Requirement: Copy the listing exactly; drop the pictures.

Raw data:
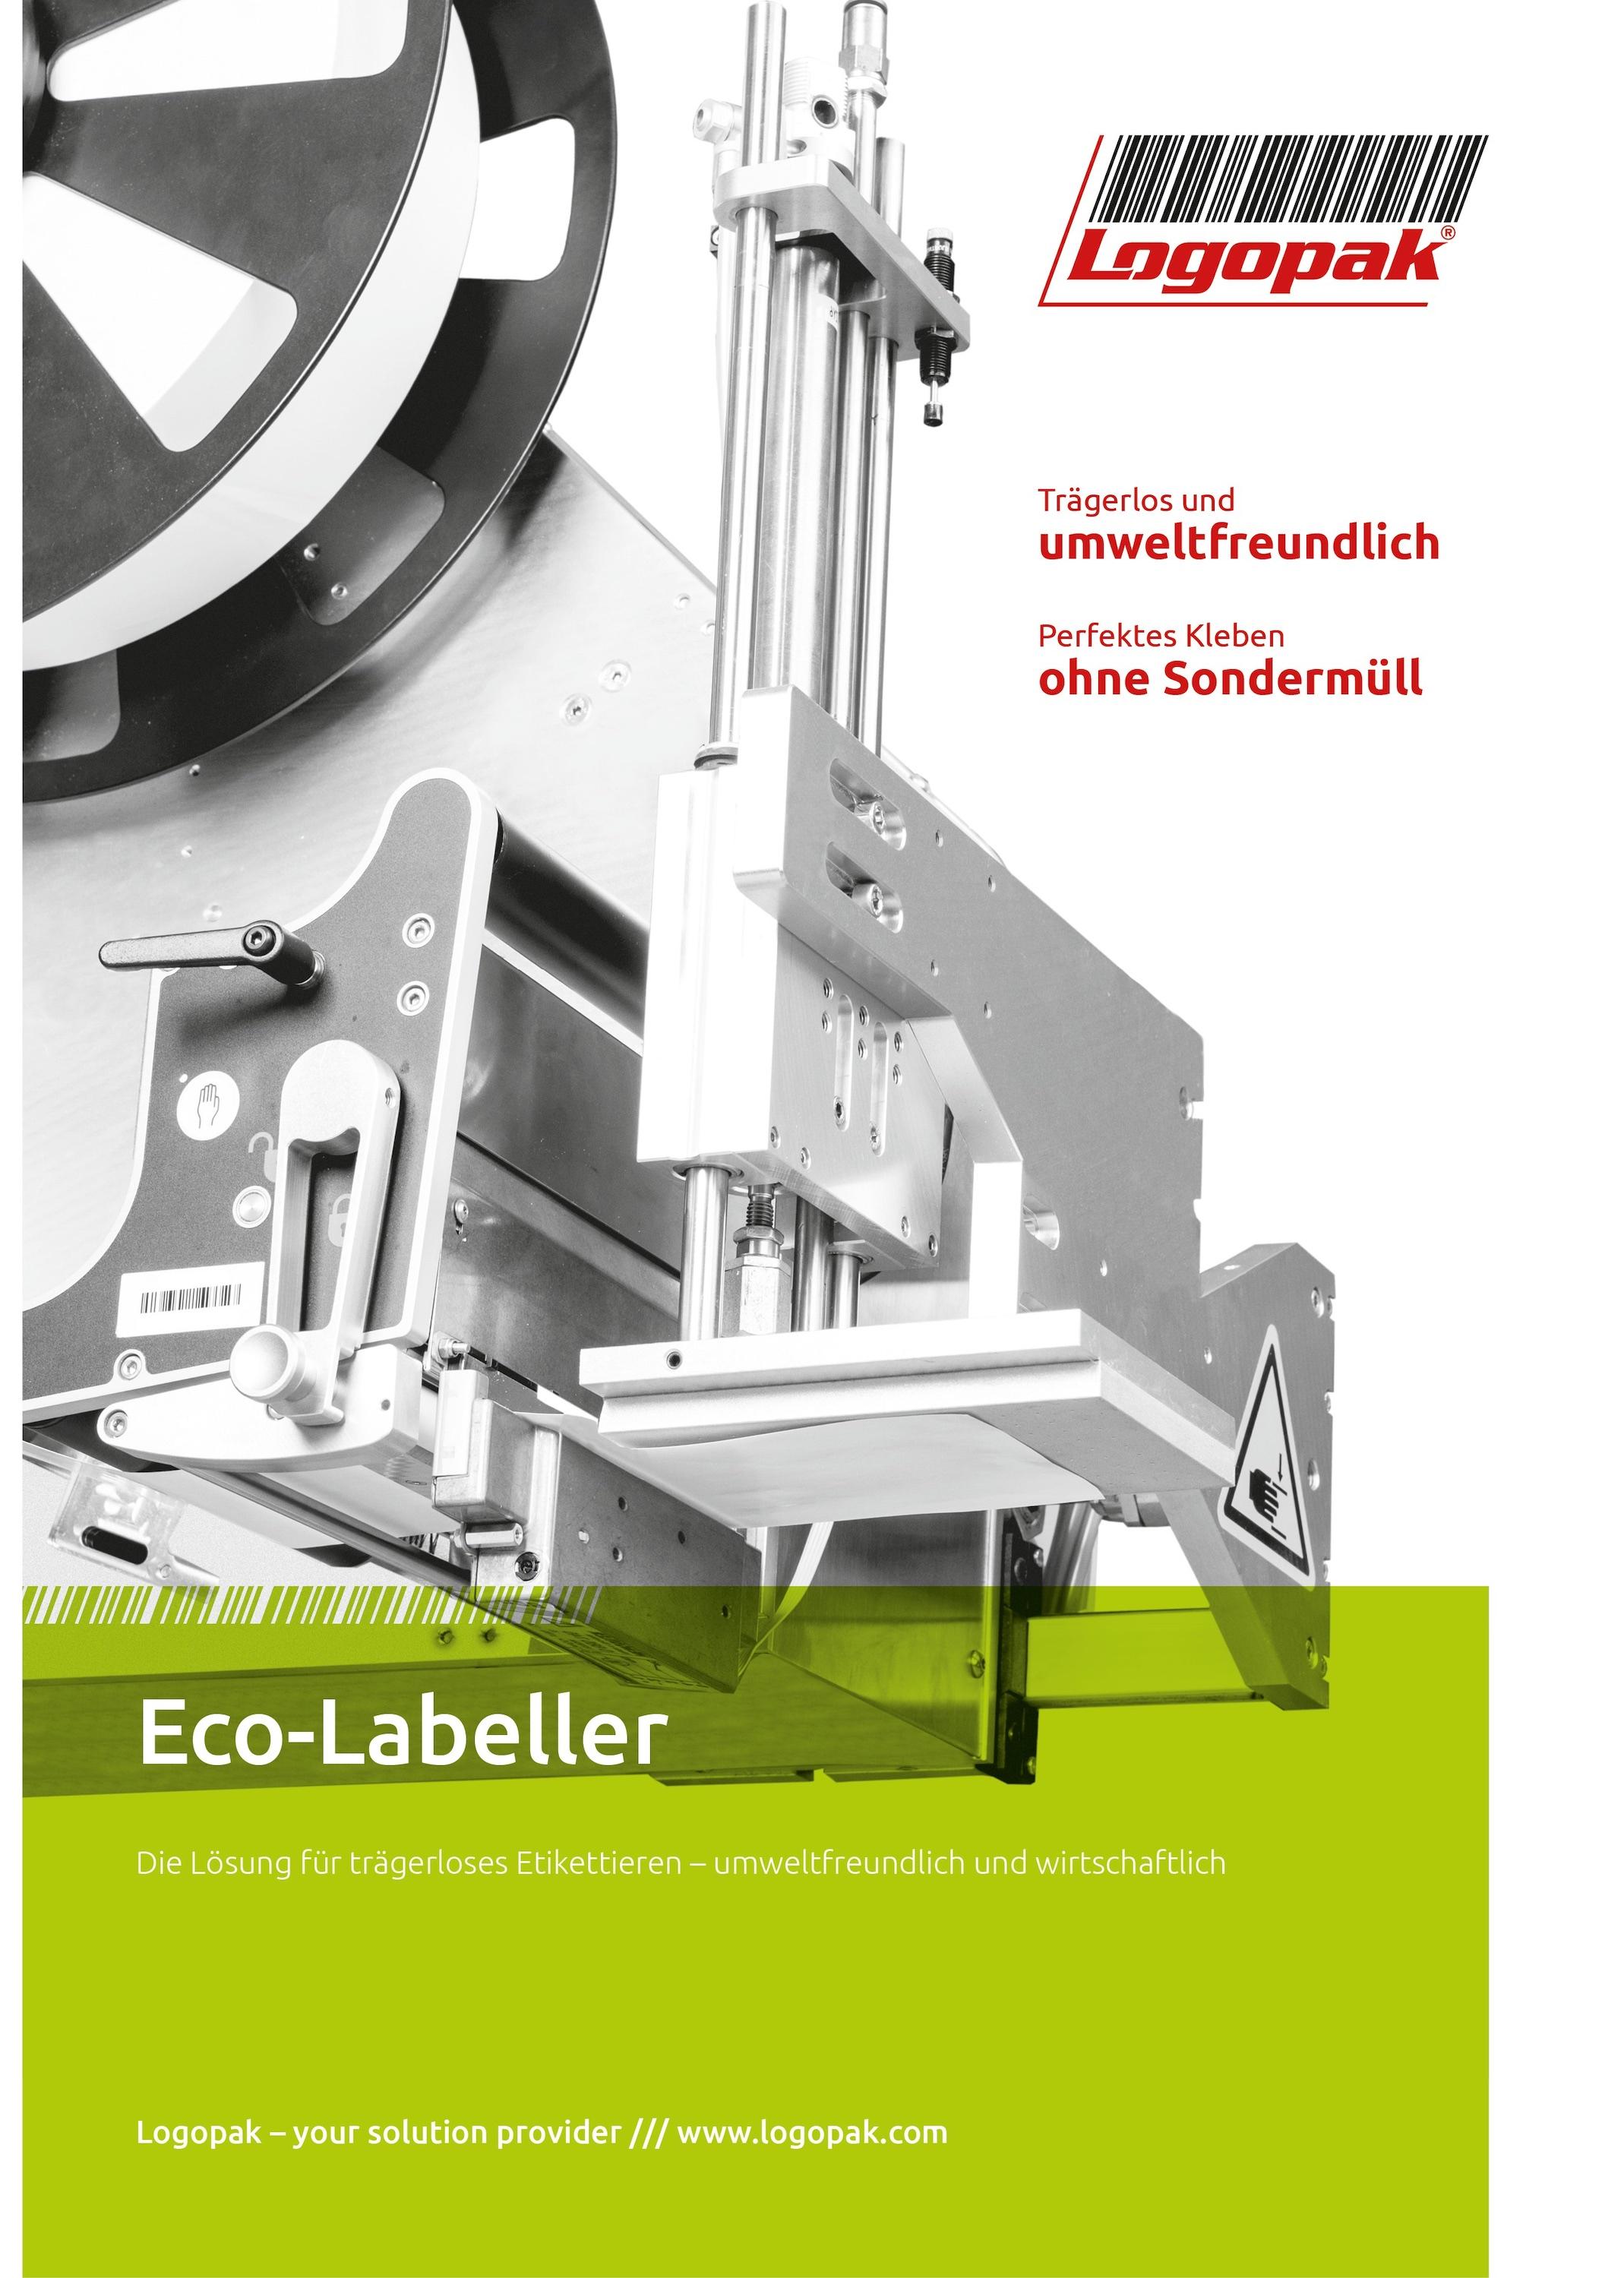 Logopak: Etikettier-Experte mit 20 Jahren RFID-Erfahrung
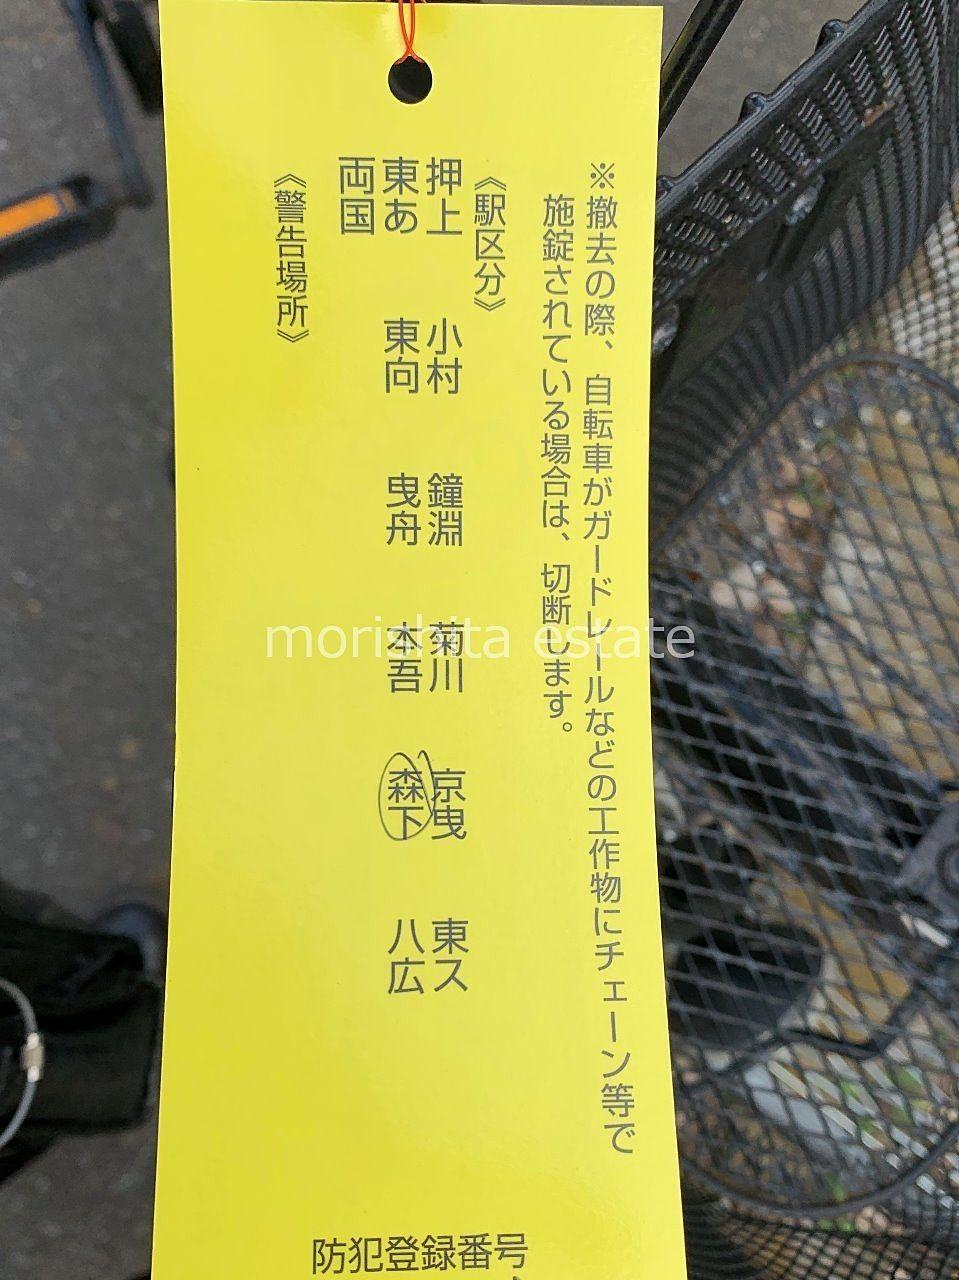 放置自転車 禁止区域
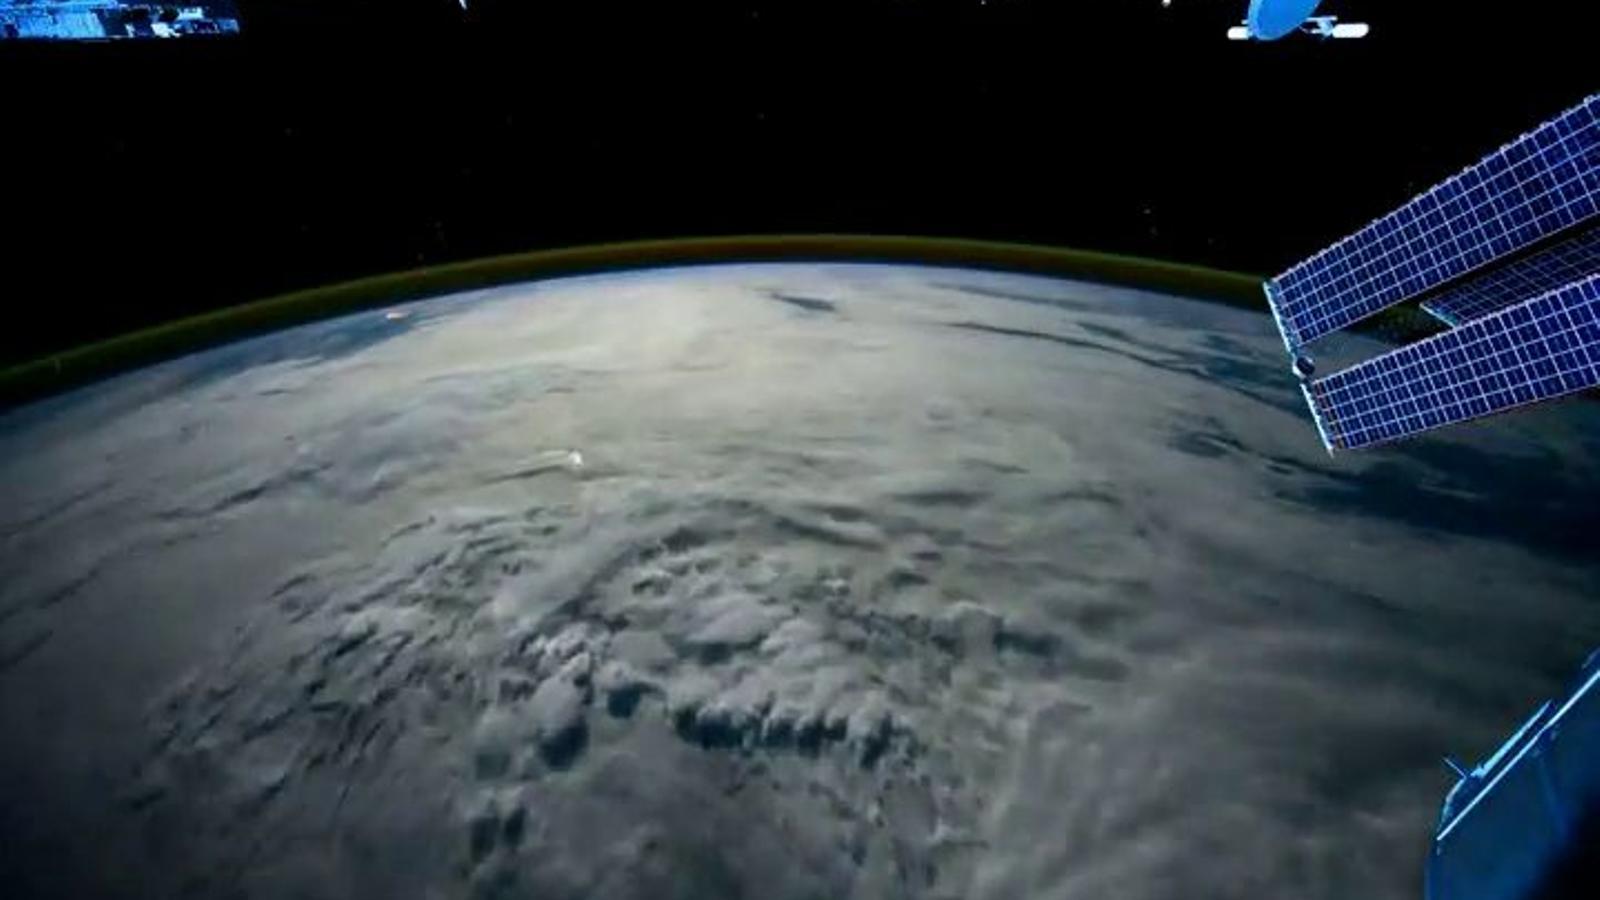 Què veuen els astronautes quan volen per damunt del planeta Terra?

Worked solution:
 Logopak: Etikettier-Experte mit 20 Jahren RFID-Erfahrung
 放置自転車 禁止区域
 Què veuen els astronautes quan volen per damunt del planeta Terra?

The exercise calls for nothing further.